SO MUCH PAIN!!!
If I could share one piece of knowledge right now it would be that if you are even considering about going back to restriction – even if you say it’s only for a short amount of time – don’t! It really isn’t worth it and getting back to any sense of normality is not a fun process to go through again.
I really wish that I had told myself and believed that before I did.
Physically I have not felt comfortable since I started this process of increasing/slight re-feeding and yesterday I spent my afternoon on the couch because moving even slightly sent a wave of nausea and pain rippling through my body. It was not pleasant and I am not fairing much better today in terms of the sensation of feeling sick. It’s frustrating because it is making the ED scream even louder at me to stop eating…”You don’t need that. You’re already full. Stop being so greedy. It’s making you fat. Look at the state you of you” and every other variation on that statement conceivable. I’m ignoring it or at the very least not let it affect my actions or behaviours…but is so hard when your mind and body are telling you to do the complete opposite of what you have to do. Anorexia is a bitch and recovery is brutal. Why do I always forget this?
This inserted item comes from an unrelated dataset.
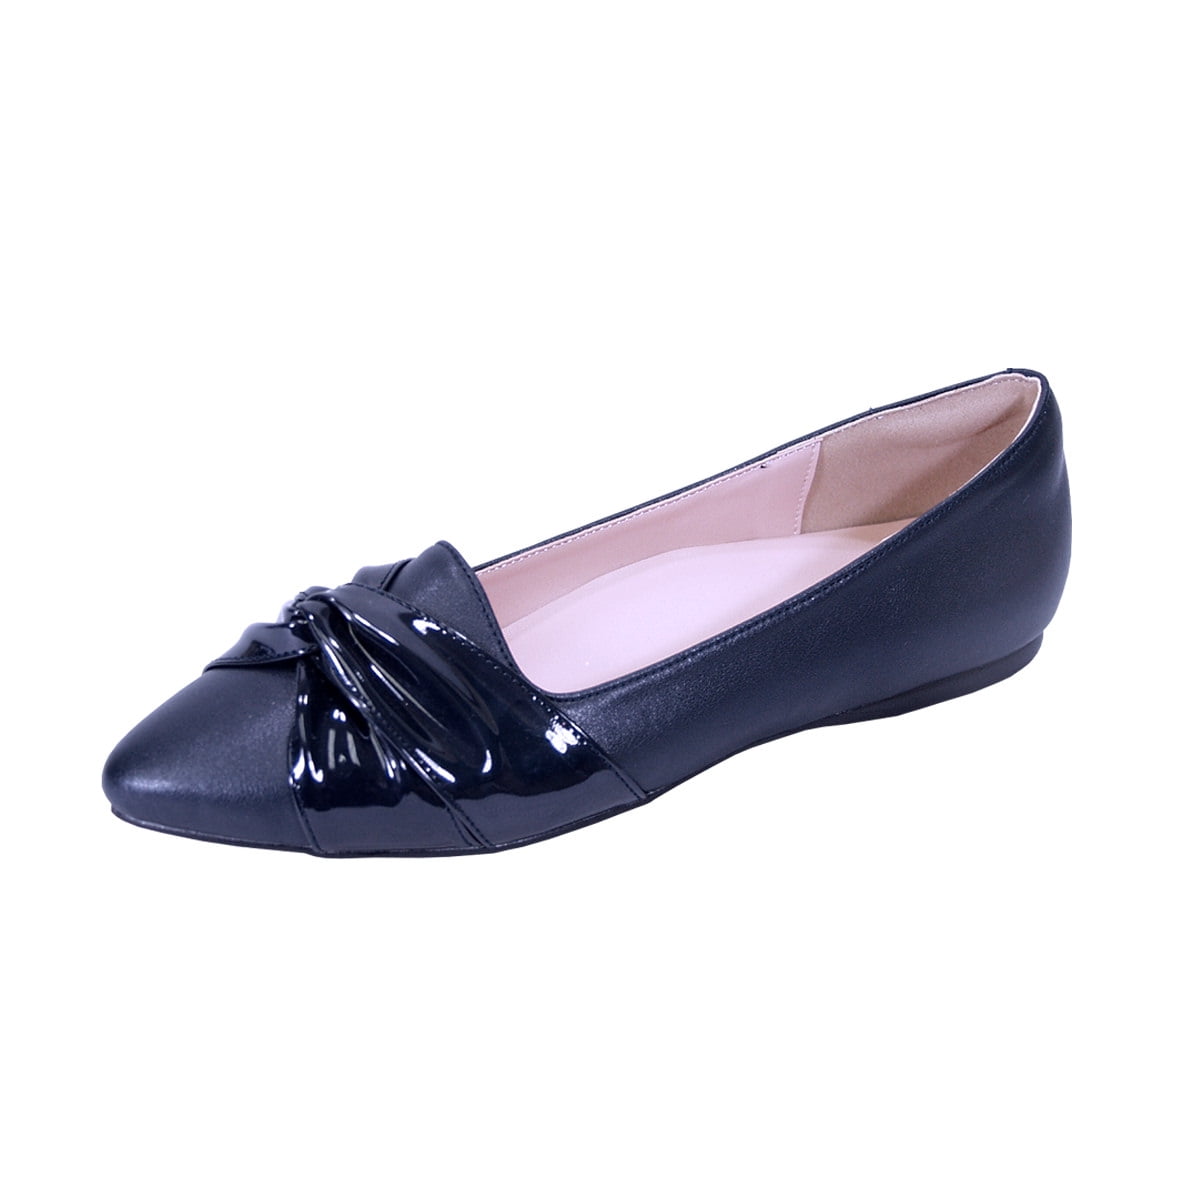 Ballet Flats Patent Leather Pointed Toe Slip On Closed Toe Women Shoes Navy

The strange thing is though that no matter how many times I go through these periods I keep expecting a different outcome. In the beginning (before I start), I am so distraught about my body and usually pretty unhappy and so I tell myself I would be happier if I saw the numbers go down. It will make me safe again. It will be all the things I want it to be, all the things that I thought the Anorexia would fix. Then somewhere in the middle when I restrict and cut things out and it still isn’t making me happy, I wonder why I thought that that would be the answer. What evidence have I ever had to back that kind of outcome up? Yet at the same time the eating disorder gets a firmer grip on me and all the irrational fears and thinking distortions come into play before I realise that I cannot keep destroying myself like this. Finally I take action, get help, get my meal plan increased and attempt to restore weight and I am constantly stunned that it this part that is always the hardest. Anorexia has me convinced that I don’t really have a problem and my mind tells me that I should be able to just eat…it’s not as though it’s that hard. I underestimate how much I let this thing regain control over me. I think a part of me is still expecting to wake up one day and I will just be fine, recovery will be done, the eating disorder over and I will have snapped out of it because I was never even that unwell in the first place.
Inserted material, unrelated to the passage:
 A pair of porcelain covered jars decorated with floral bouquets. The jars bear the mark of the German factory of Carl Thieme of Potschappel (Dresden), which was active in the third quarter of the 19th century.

I lie to myself because it’s the easier than the truth…even though the truth is something that I have been trying to accept for a long time, one that says this is not a phase and you can’t just talk your way out of this one. You have to fight like hell to get out of it. That includes hurting horribly whilst you’re trying to put yourself back together again.
Mentally I am not as exhausted as I was at the end of the last week, and as much as I’m not a fan of resting, it is quite possible that I needed to do it. I couldn’t keep trying to battle through the physical issues as well as trying to get work done and being in a hundred different places at once. Last week in group I got told that I wouldn’t expect someone else who wasn’t well to keep doing everything that they have to do and the eating disorder makes that doubly difficult because it affects your both mentally and physically. She was of course right but I found the idea that admitting that I may actually still be unwell was unnerving. I guess for me it was a case of as long as I wasn’t an inpatient, as long I wasn’t dying, as long as I could get through the day from morning to night in relatively one piece than I was fine. Yes…exceptions for the self and not something I would ever believe of another person.
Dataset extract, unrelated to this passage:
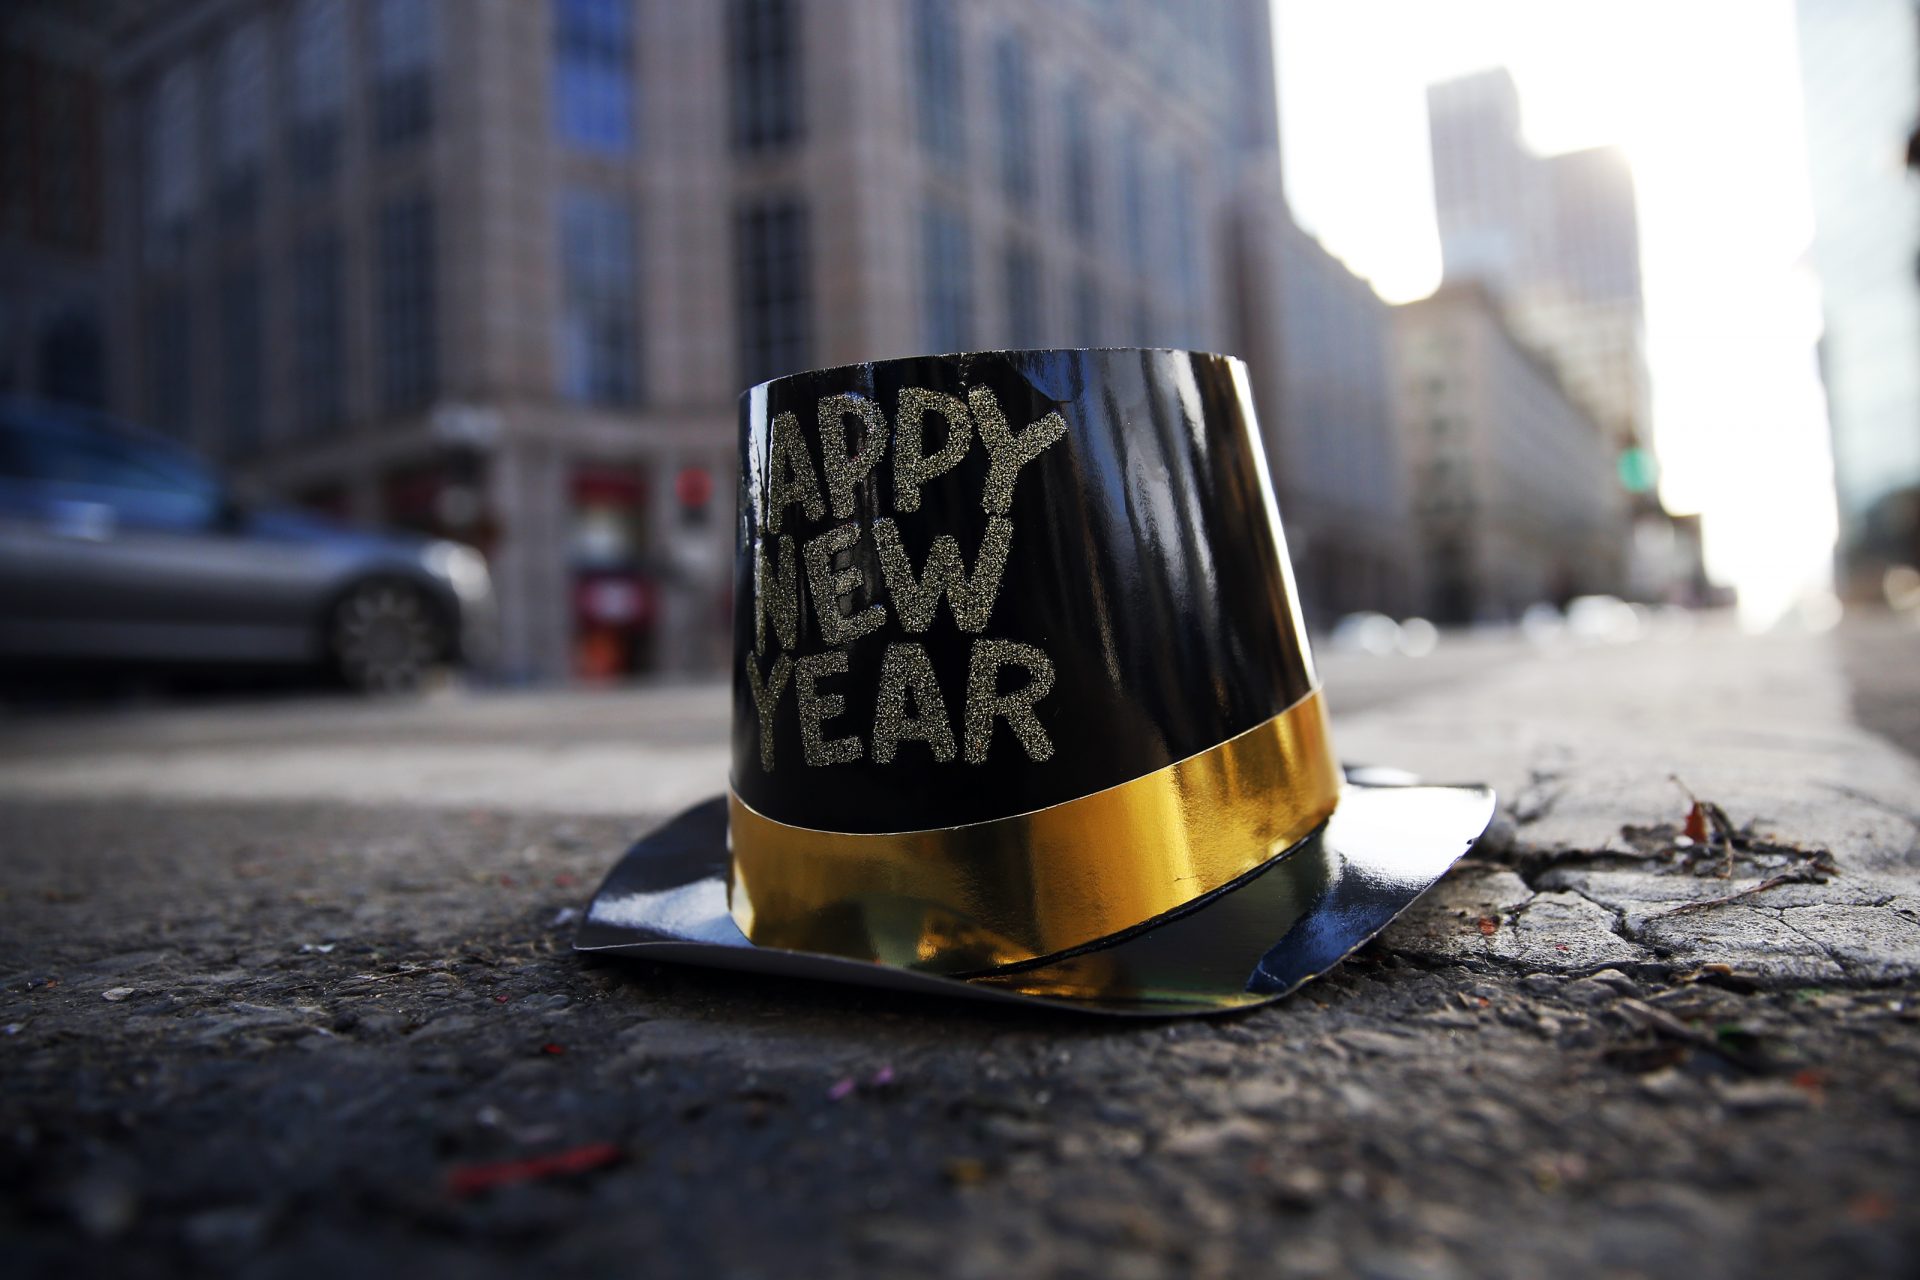 6th favorite: New Year’s Day

Despite everything I still despise the eating disorder more than the weight gain. I still would rather be free than bound up by this thing. So I am going to keep going and stop believing that I can’t. I can because I’ve done it before. My body can tolerate it because it’s tolerated it before. This pain will pass.
The plan for today is to leave the house and go for a walk with a friend and then I’m going to the cinemas this afternoon with another friend. I’m hoping that it will be just the type of day that I need right now and then tomorrow I can get back to work and start tackling the mountain of work that I have to do for Uni and my other work.